= Task instructions =
Among the lines of data below, reproduce only those from the one with "Origin: Skardu, Pakistan" through the one with "Quartz is one", exactly as they stand, both ends included.

= Exercise input =
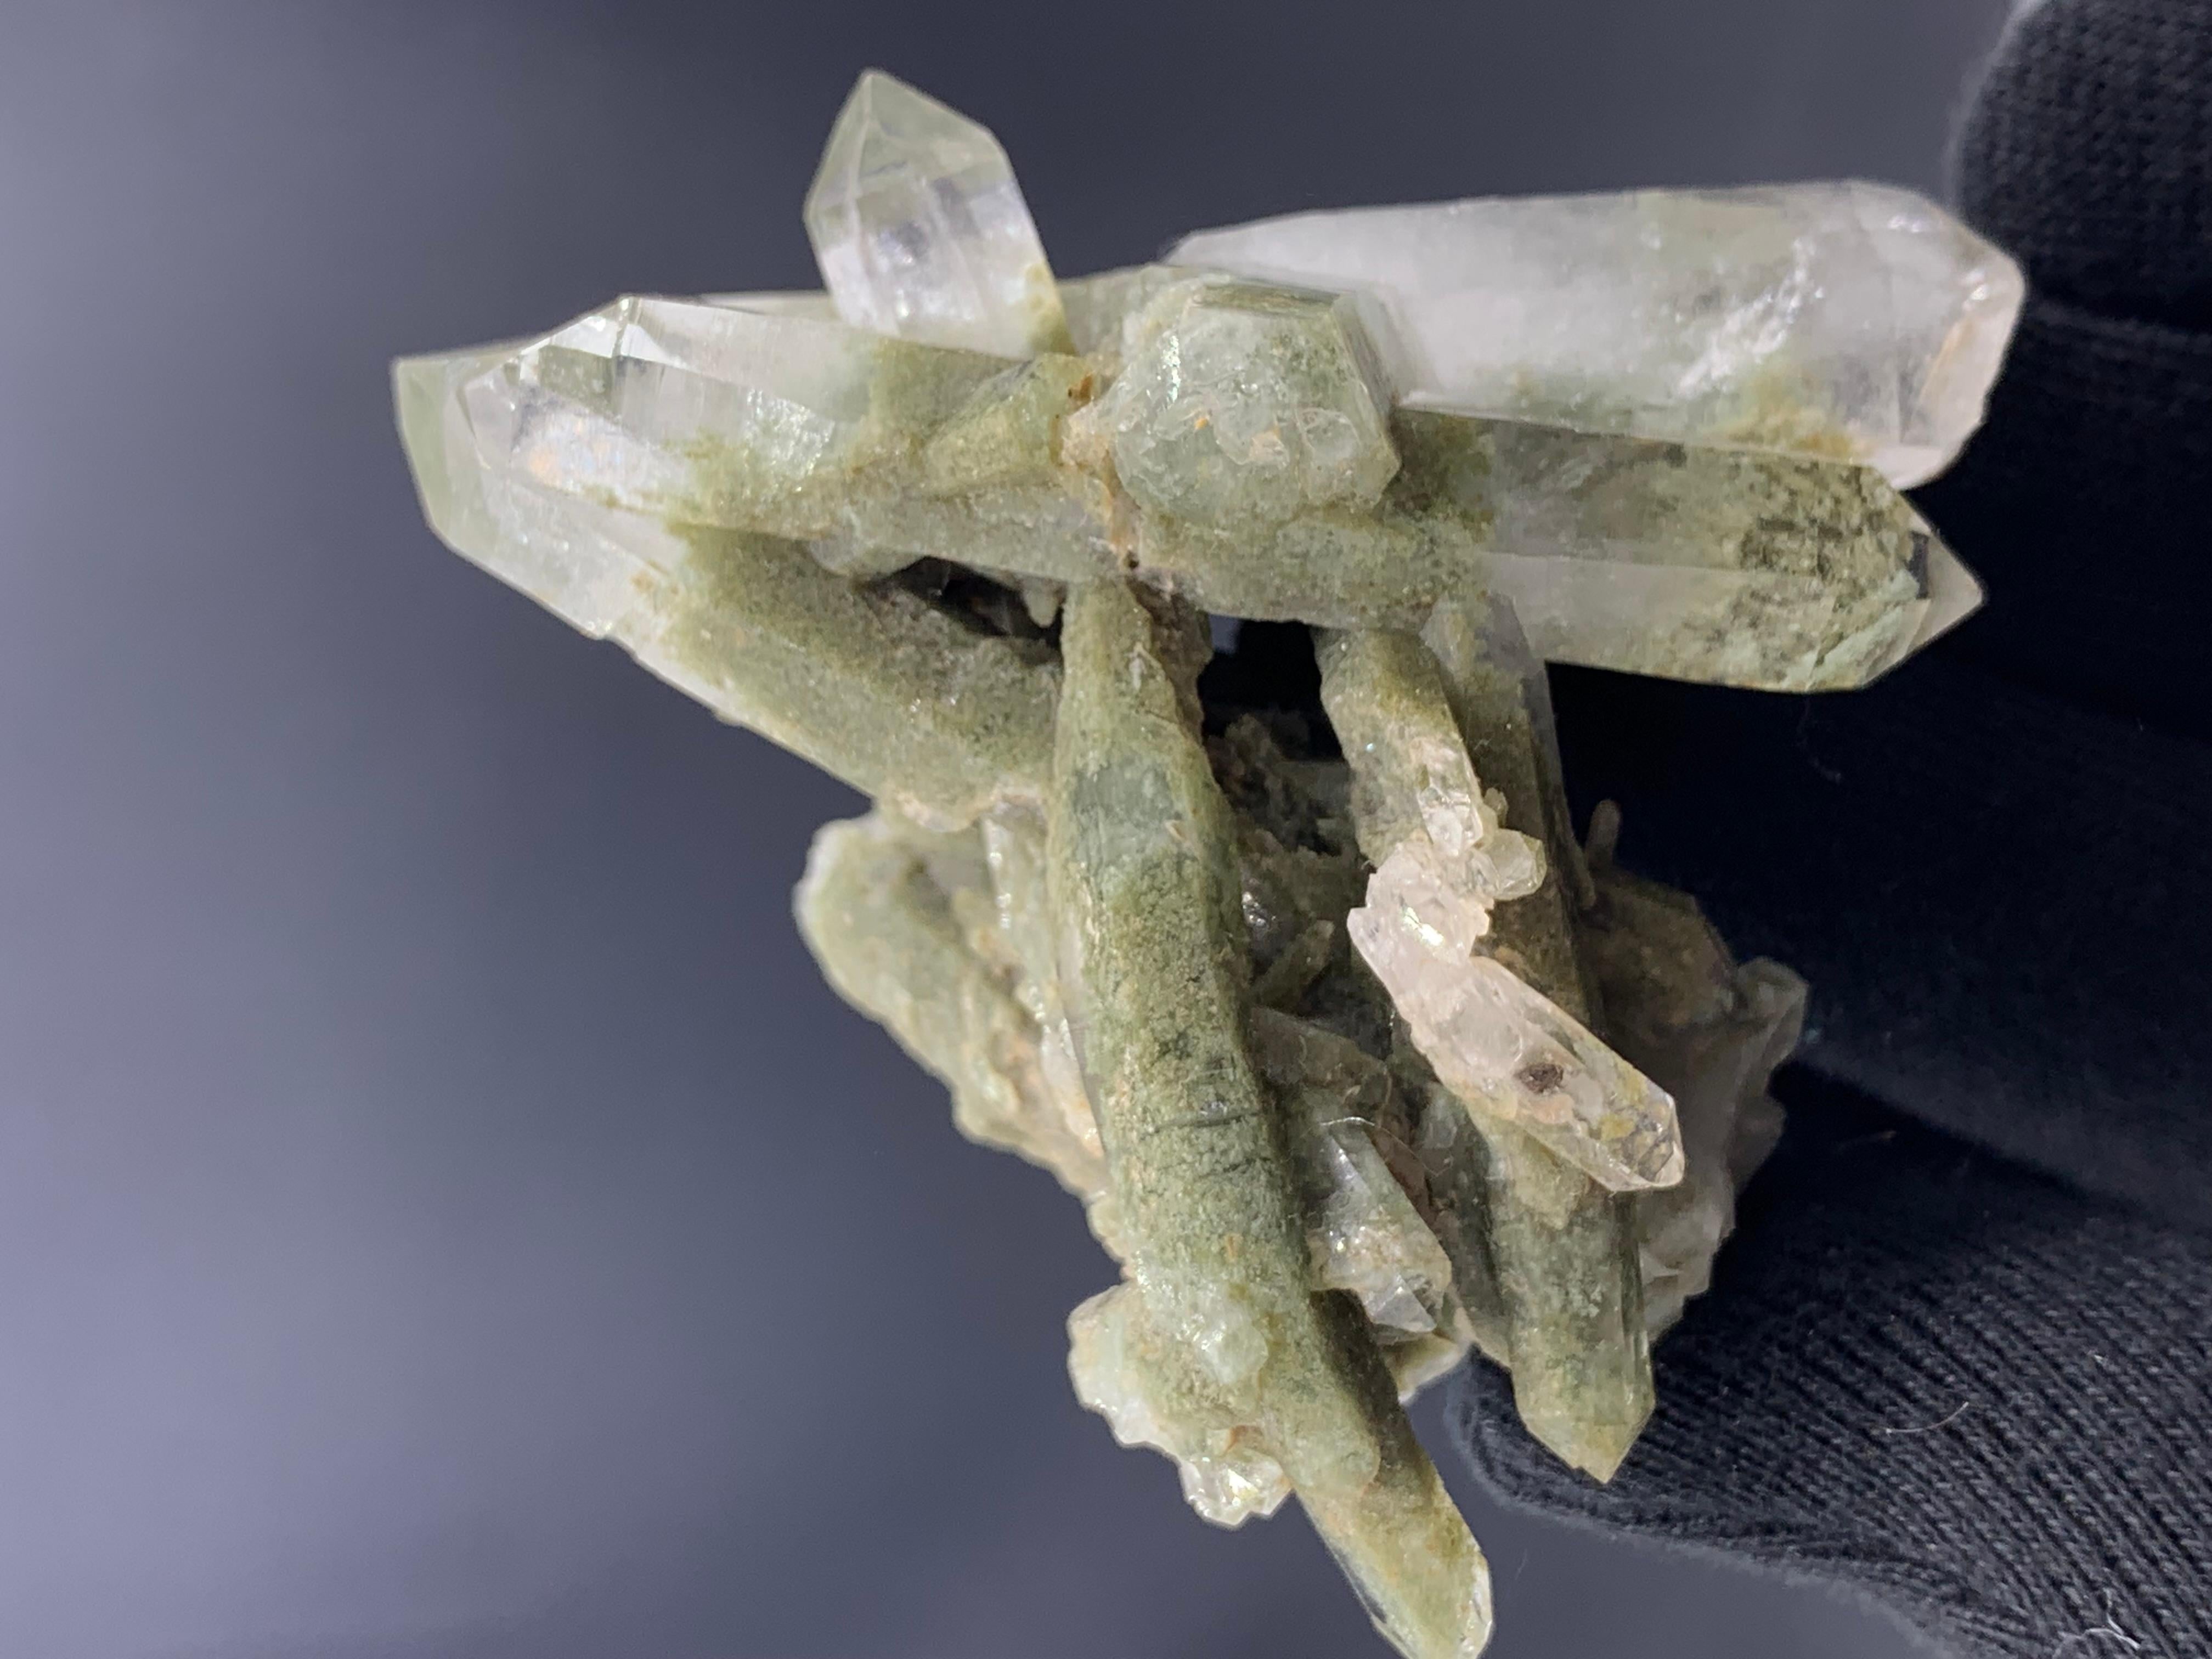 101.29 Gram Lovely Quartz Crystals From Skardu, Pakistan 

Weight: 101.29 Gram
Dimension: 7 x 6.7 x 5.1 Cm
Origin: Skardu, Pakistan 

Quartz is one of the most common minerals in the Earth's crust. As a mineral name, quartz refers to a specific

---

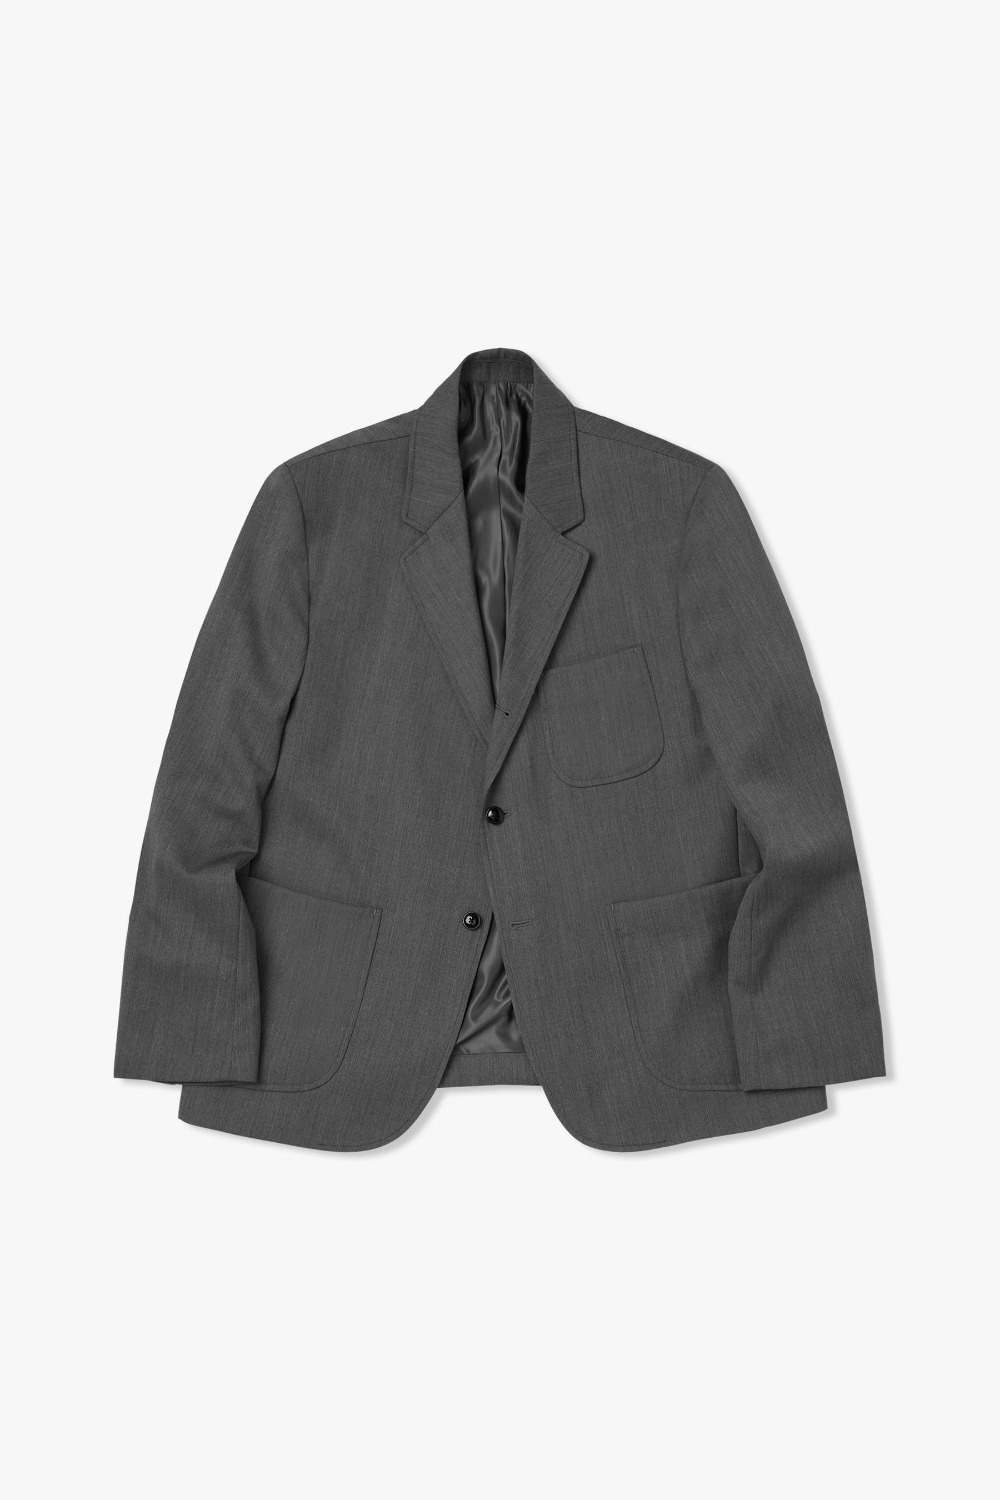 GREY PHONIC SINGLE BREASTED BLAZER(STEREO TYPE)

---

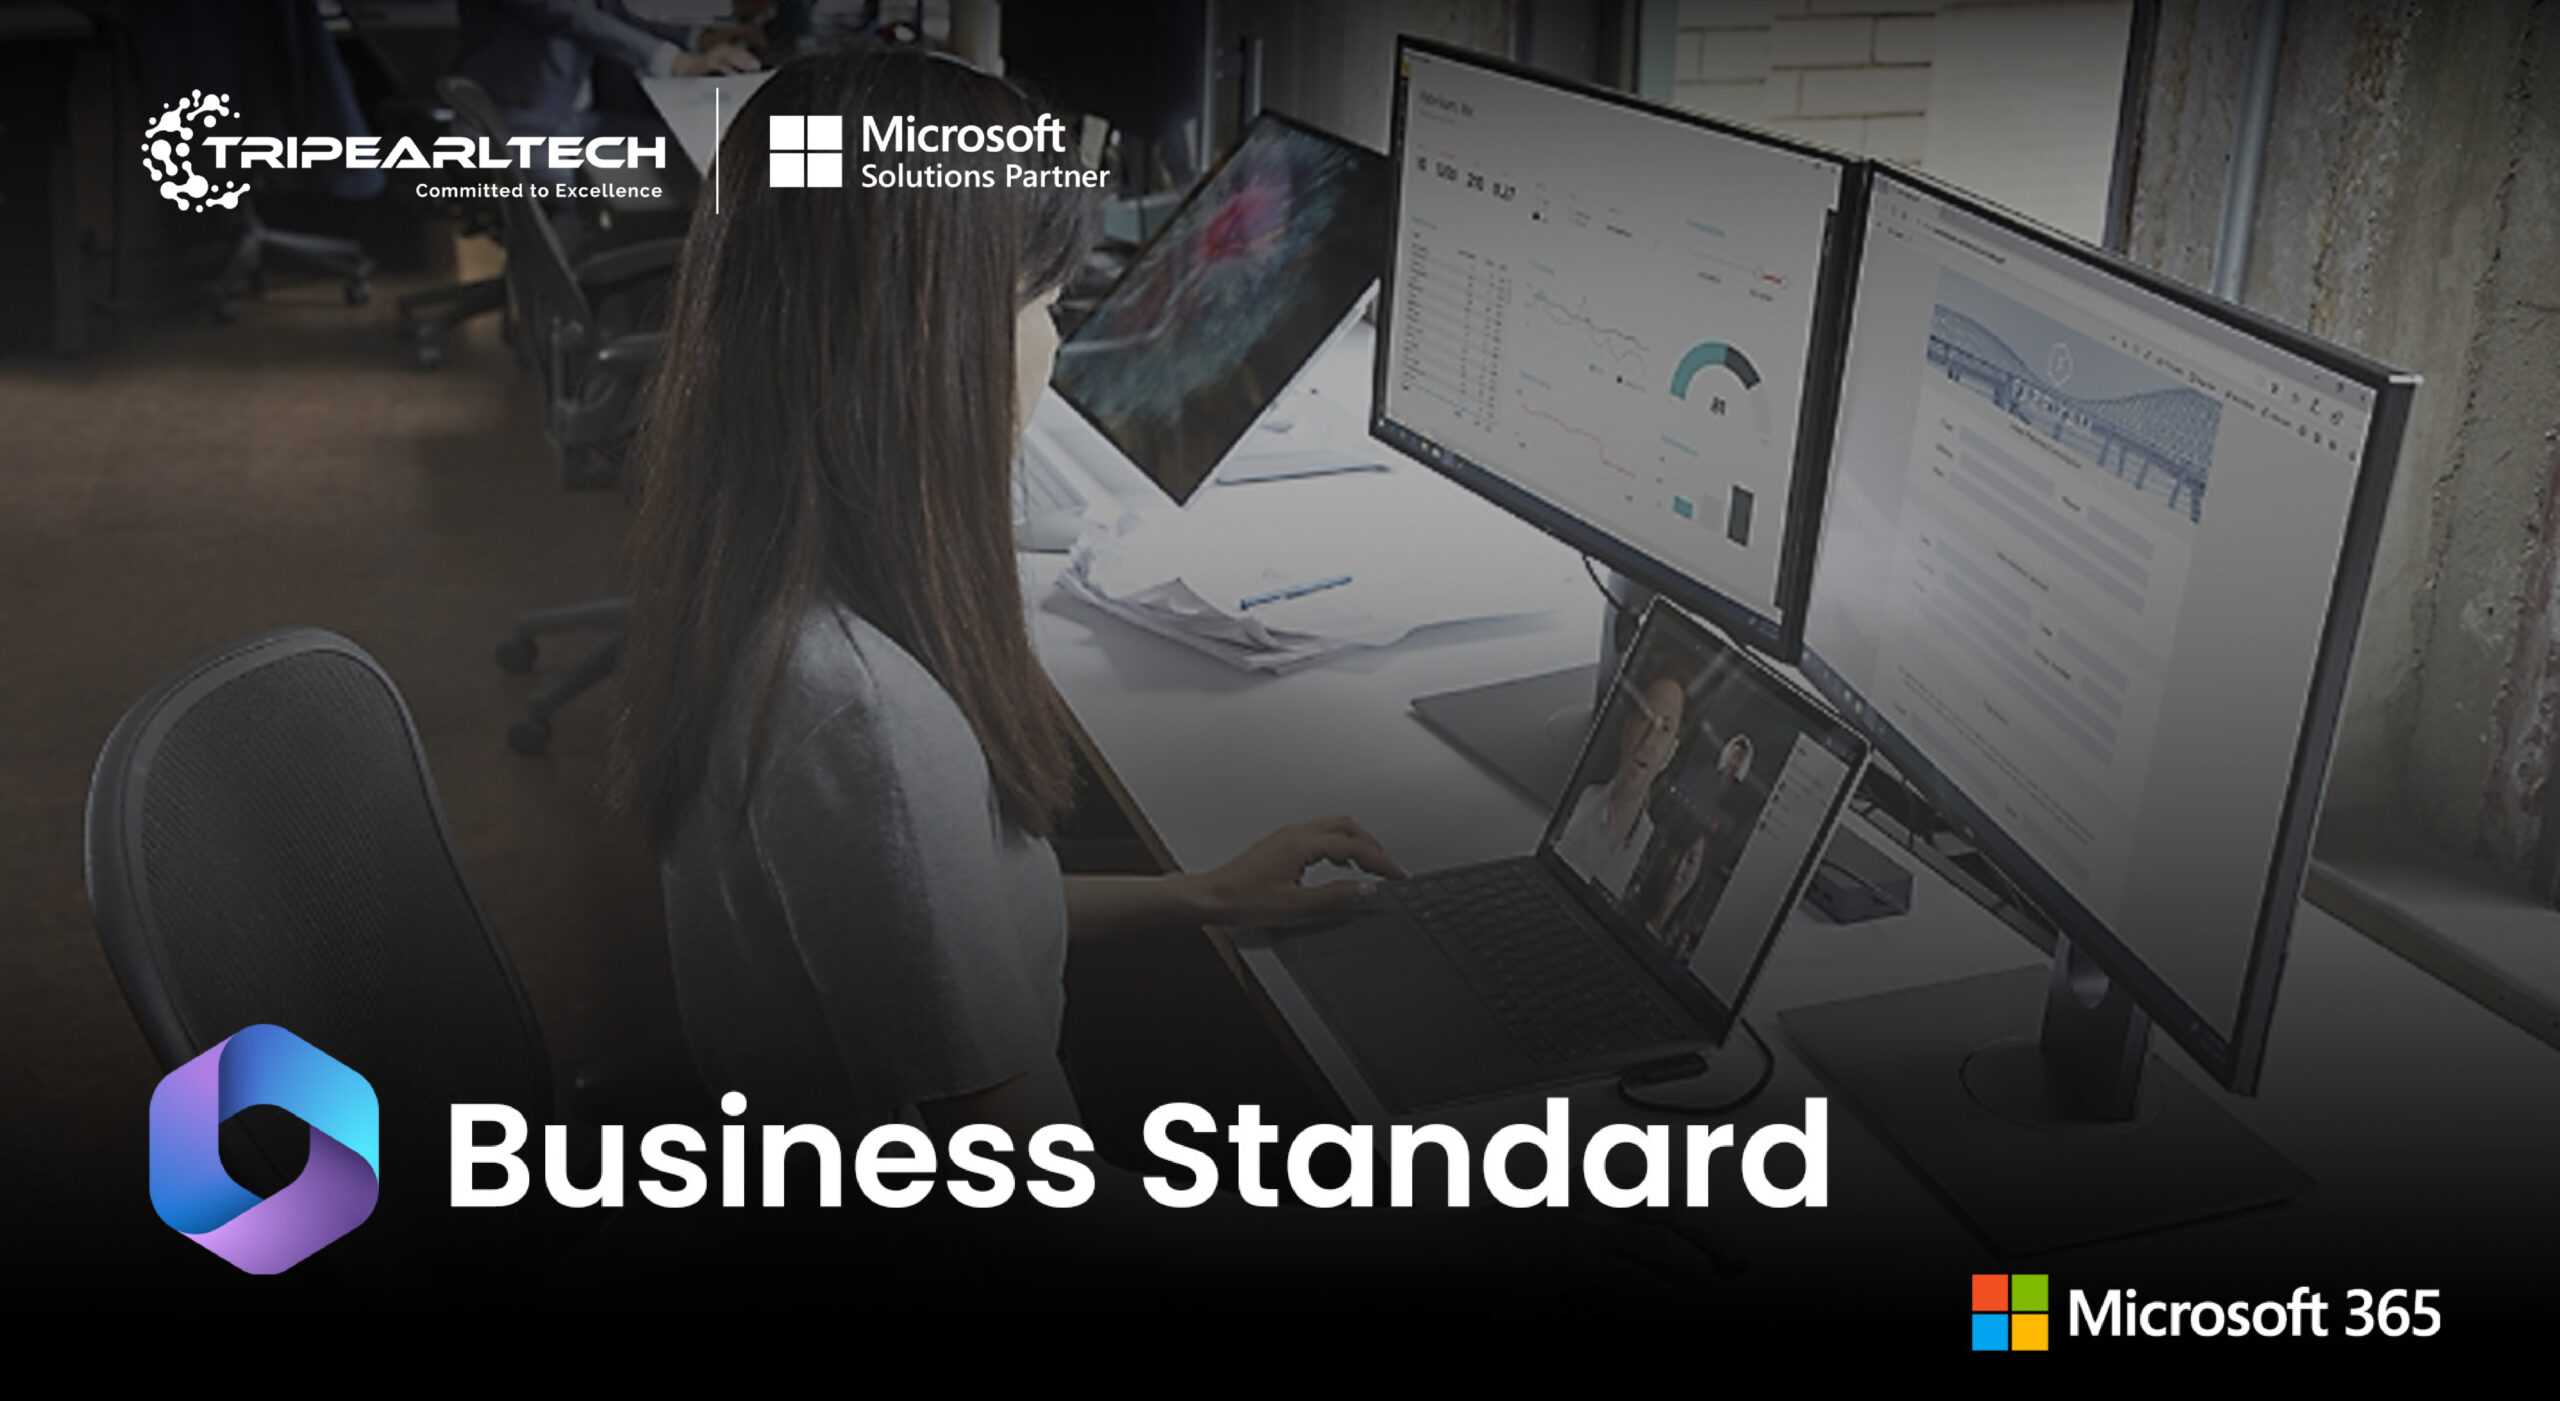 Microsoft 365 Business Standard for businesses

= Reply =
Origin: Skardu, Pakistan 

Quartz is one of the most common minerals in the Earth's crust. As a mineral name, quartz refers to a specific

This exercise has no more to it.